The university of the future abuts the picturesque ruin of the nineteenth-century smallpox hospital, and, beyond that, a long-planned and only just completed monument to the idealism of another time: Four Freedoms Park, an FDR memorial designed almost 40 years ago by the great Louis Kahn. It’s a pensive place of sere abstractions and hard planes, and it shares a quiet grace with Kahn’s masterpiece, the Salk Institute in La Jolla, California. On the day I saw it, the blocks of pale granite harmonized with the pewter river, the lowering sky, the shoreline of piled stones, and the white-sided slab of the U.N. Secretariat building. It was a rhapsody in gray.
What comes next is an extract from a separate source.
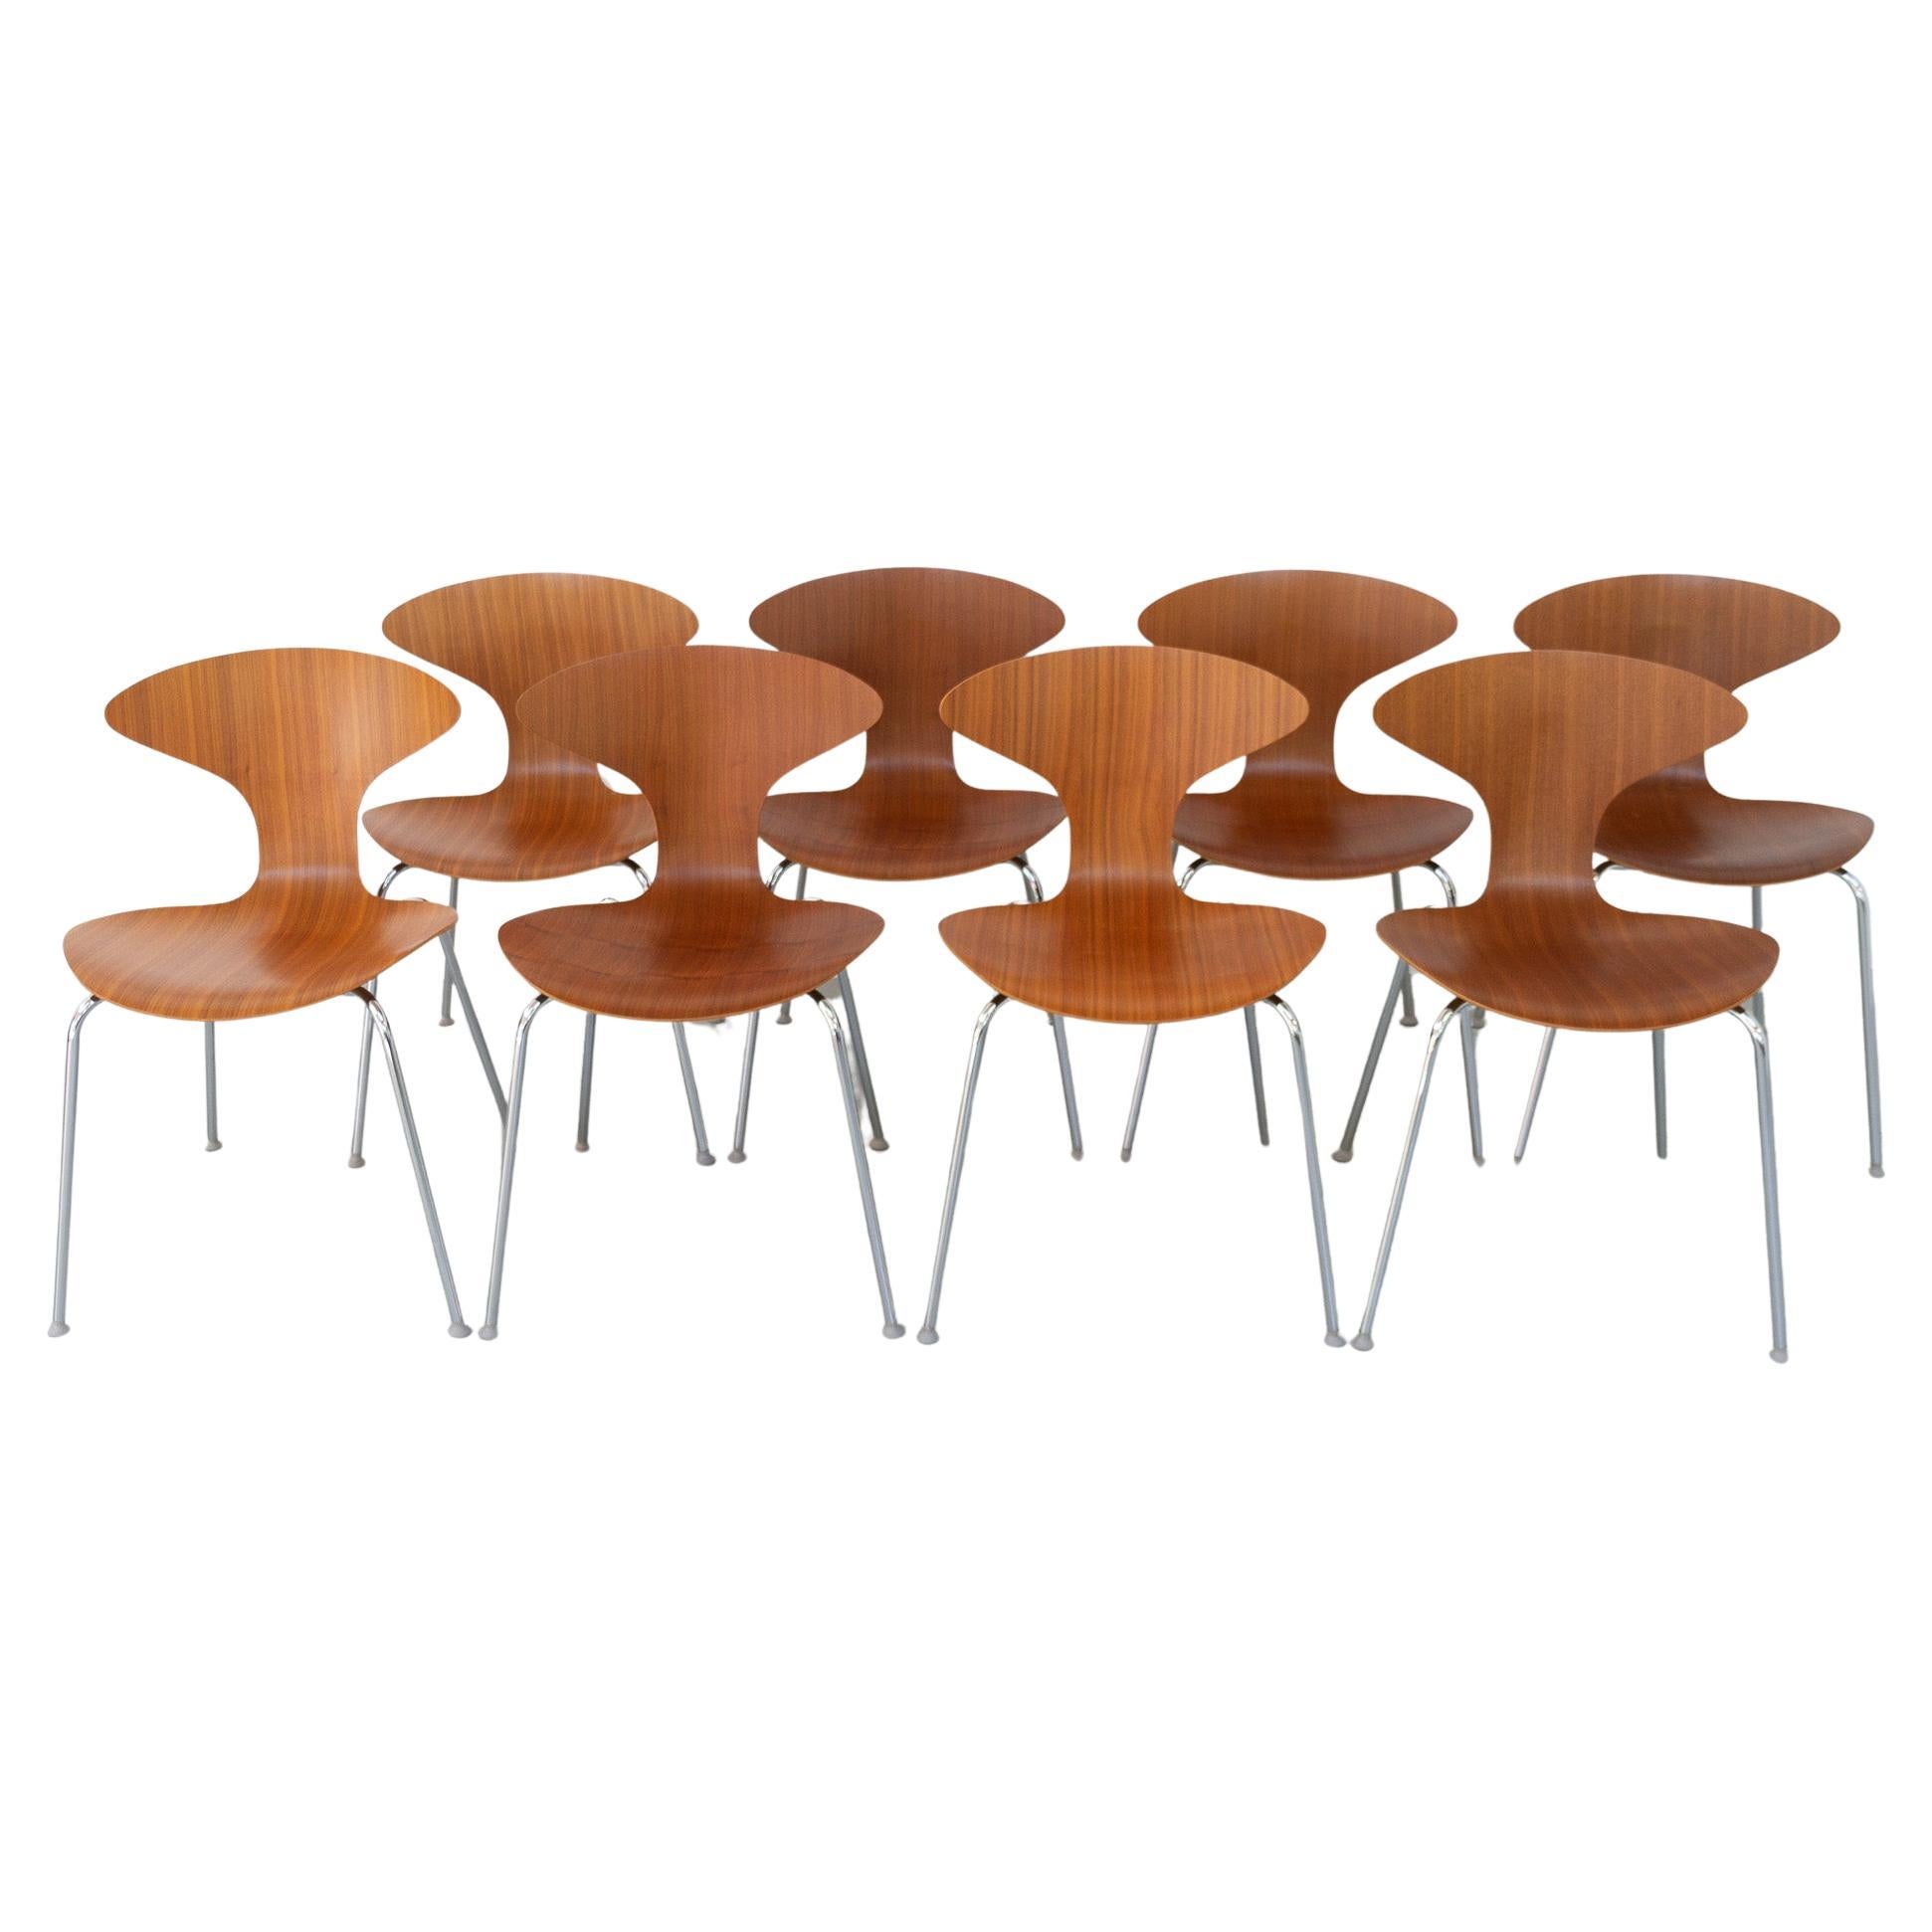 Chaises de salle à manger Orbit en noyer de Ross Lovegrove pour Bernhardt Design, lot de 8.

A broad staircase flanked by ramps climbs an artificial slope, headed for the open sky. Reach the top and the landscape sweeps down before you, a triangular, sloping lawn bordered by two converging rows of linden trees. At the far point, an oversize bronze head of Franklin Roosevelt gazes back at the island that bears his name. Beyond, at the island’s southern tip, is a square outdoor room enclosed on three sides by walls of granite, the blocks separated by inchwide slits, revealing narrow slices of cityscape.

The memorial is dedicated to the rights that Roosevelt articulated in a 1941 speech that’s carved into two tall stones: freedom of speech and worship, and freedom from want and fear. Yet Kahn’s design is not about freedom. Granite walls shelter and enclose, implacable symmetries guide the eye, gravel pathways prescribe an itinerary to a fixed point, the grass is trimmed with fanatical perfection, and the stone surfaces have an immaculate purity that even the tiniest smudge of spray paint will destroy. Inevitably, Four Freedoms Park will be a place of rules and prohibitions. Perhaps Roosevelt Island has a way of curbing the noblest intentions. Mayne and Kahn, both masters of their trade, came here and wound up undermining the very essence of what they mean to honor: the messy exuberance of the unchained mind.